## PROBLEM DETAILS
Take the material below and output exactly the run of lines from the one containing "Grilled Moroccan-Spiced Rack of Lamb" down to the one containing "The bride is", with both included.

## SUPPLIED RECORDS
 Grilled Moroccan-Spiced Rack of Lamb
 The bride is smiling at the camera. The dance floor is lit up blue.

* * *

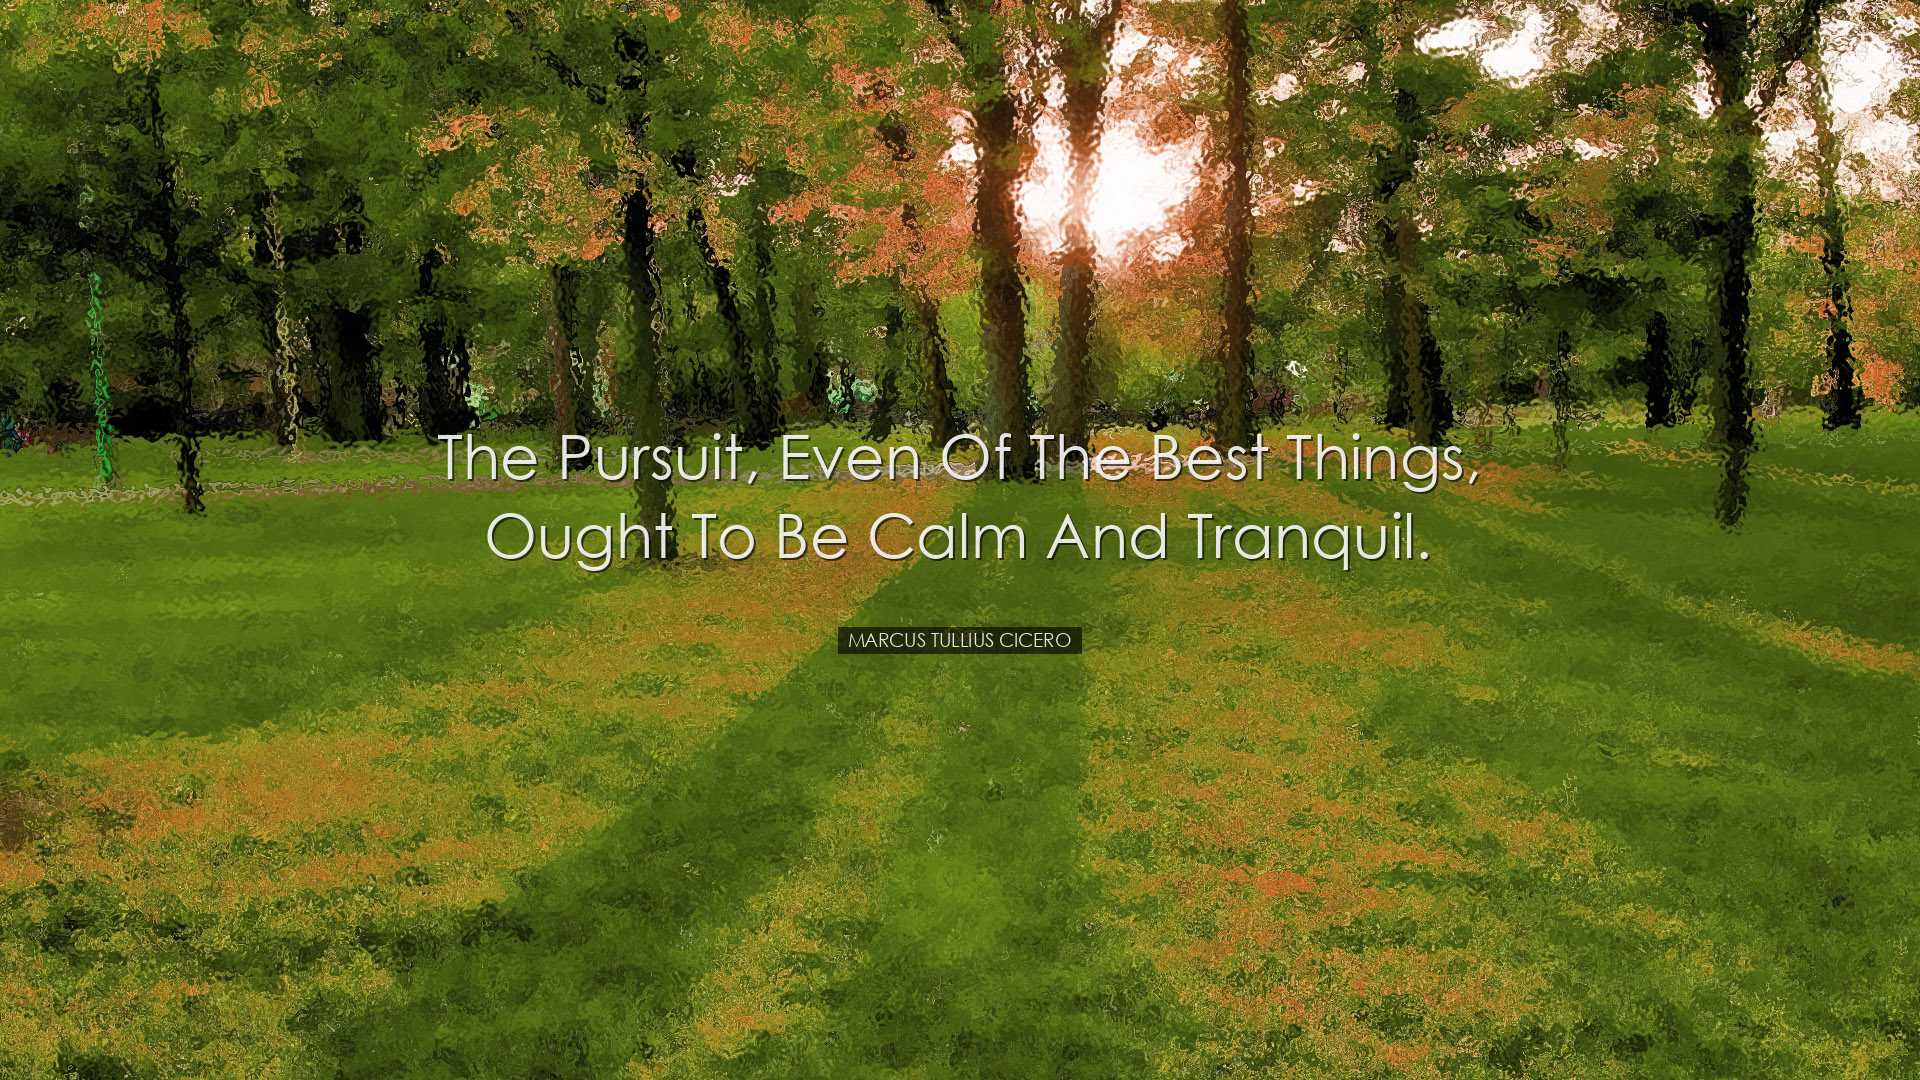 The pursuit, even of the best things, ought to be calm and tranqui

## ANSWER BOX
 Grilled Moroccan-Spiced Rack of Lamb
 The bride is smiling at the camera. The dance floor is lit up blue.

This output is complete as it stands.